Изменить стиль страницы

— Хлебнем? — сказал Шелута, вынимая из-за пазухи бутылку.

— Нет. Не могу.

— Слабак. Конфетки кушай, ладно.

Мы шли по мосту через речку Вал. Берега подтаяли, выступила желтая вода, и нартовая дорога вдоль русла приподнялась, след от полозьев был похож на ледяные рельсы. Слева за сугробом пряталась избушка-зимовье, туда вела тропинка. Вошли передохнуть.
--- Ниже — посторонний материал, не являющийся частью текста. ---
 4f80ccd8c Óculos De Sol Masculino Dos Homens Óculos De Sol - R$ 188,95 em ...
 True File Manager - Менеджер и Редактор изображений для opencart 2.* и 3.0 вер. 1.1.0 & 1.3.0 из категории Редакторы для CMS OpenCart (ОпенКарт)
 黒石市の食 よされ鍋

На нарах твердым пластом лежало сено, из печурки пахло отсыревшей золой, стекло в маленьком окошке было прострелено из берданки — дырка аккуратная, почти без усиков трещин.

— Дружок один пальнул. — Шелута взял со стола консервную банку, спустился к речке, принес желтой воды. — Выпьешь? — подвинул бутылку. — Правильно, зачем добро портить. А я напьюсь. Можно?

— Дело твое.

— Правильно, мое. Каждому свое. Тебе бы дома сидеть, а? Народ тут какой? Дикий. Обидеть могут. — Он засмеялся сам себе и выпил, уважительно кивнув себе.
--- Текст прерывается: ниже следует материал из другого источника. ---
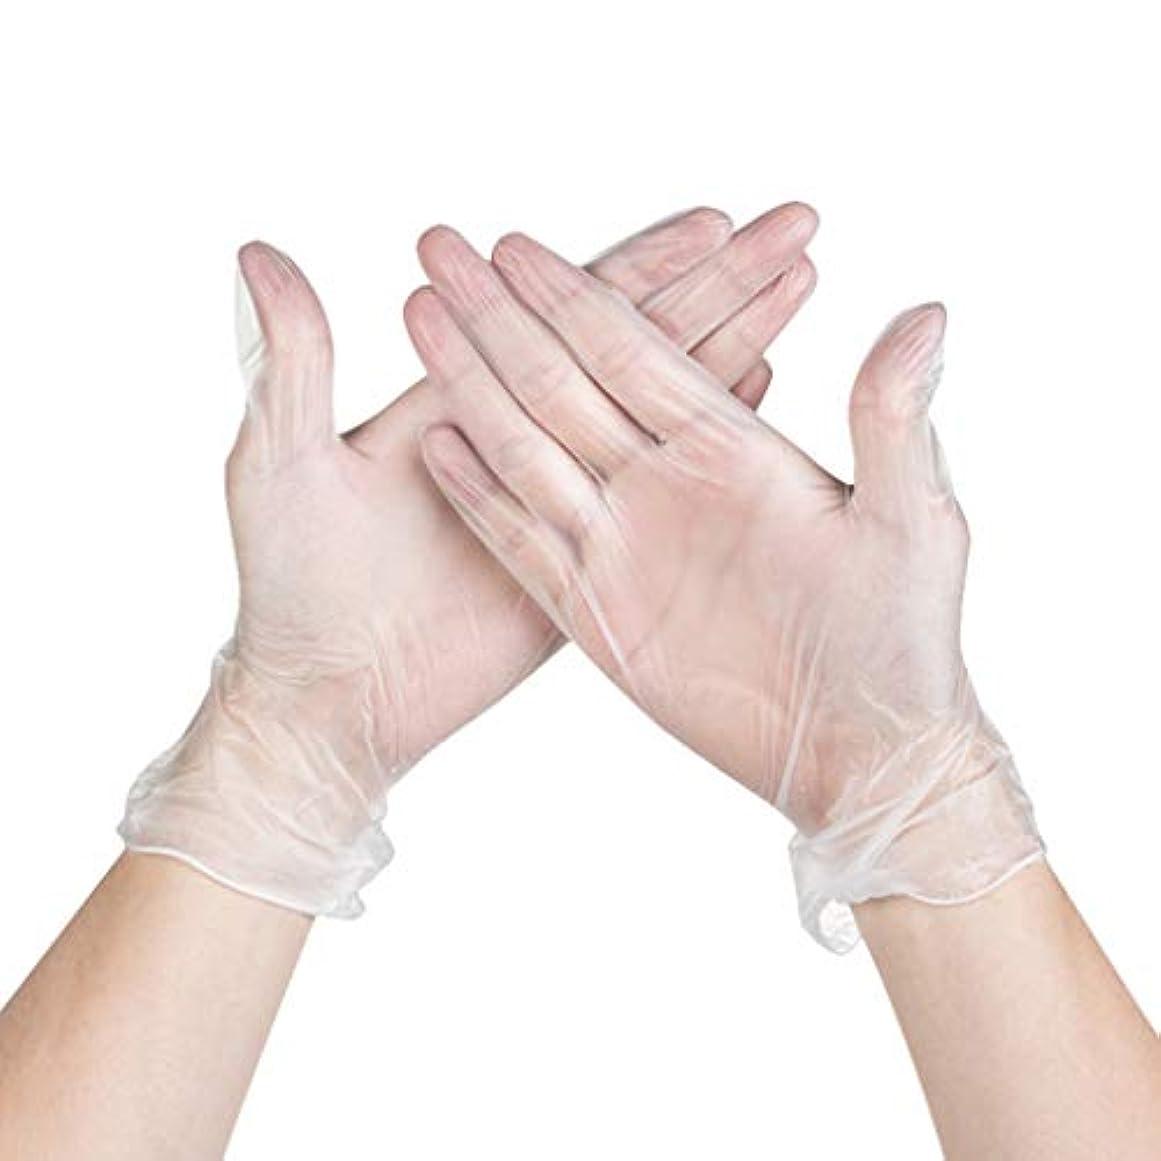 ファイル周り星パウダーフリーの使い捨て医療検査食品電子修理ホーム透明PVC使い捨て手袋箱入り YANW (色 : トランスペアレント, サイズ さいず : M m)

— Обидеть, Шелута, везде могут.

— Ну, там, в ресторанчиках, вас милиция оберегает.

— Всех оберегает.

— Нет. Нас нет. Мы тут каждый сам по себе. Мы — Север.

Он опять засмеялся своему хорошему настроению.

До станции шли медленно, Шелута часто останавливался, придерживал меня и рассказывал о своей жизни, о том, какой он есть человек. Получалось — такой, как и говорили о нем, в точности. До мелочей. Даже прыжок в сугроб с вертолета — правда. Было это 13 декабря («Во, а говорят, число невезучее!») позапрошлого года, тушить горевший угольный пласт летали. Прыгнул раньше времени, до земли метров сто оставалось. Даже физиономии не поцарапал, как в пух погрузился. Ребята повозились потом, откапывая.

В домике станции было пусто, нетоплено. После мартовских буранов, заносов поезда ходили редко, да и то лишь со снегоочистителями. На скамейке в углу дремал единственный пассажир — небритый мужчина в стеганке, с потухшей папиросой. Шелута растолкал его, поздоровался. Мужик не хотел никого знать, упрямо клонил голову, но вдруг ожил, завеселел, поняв, что его приглашают не печь топить, а выпить.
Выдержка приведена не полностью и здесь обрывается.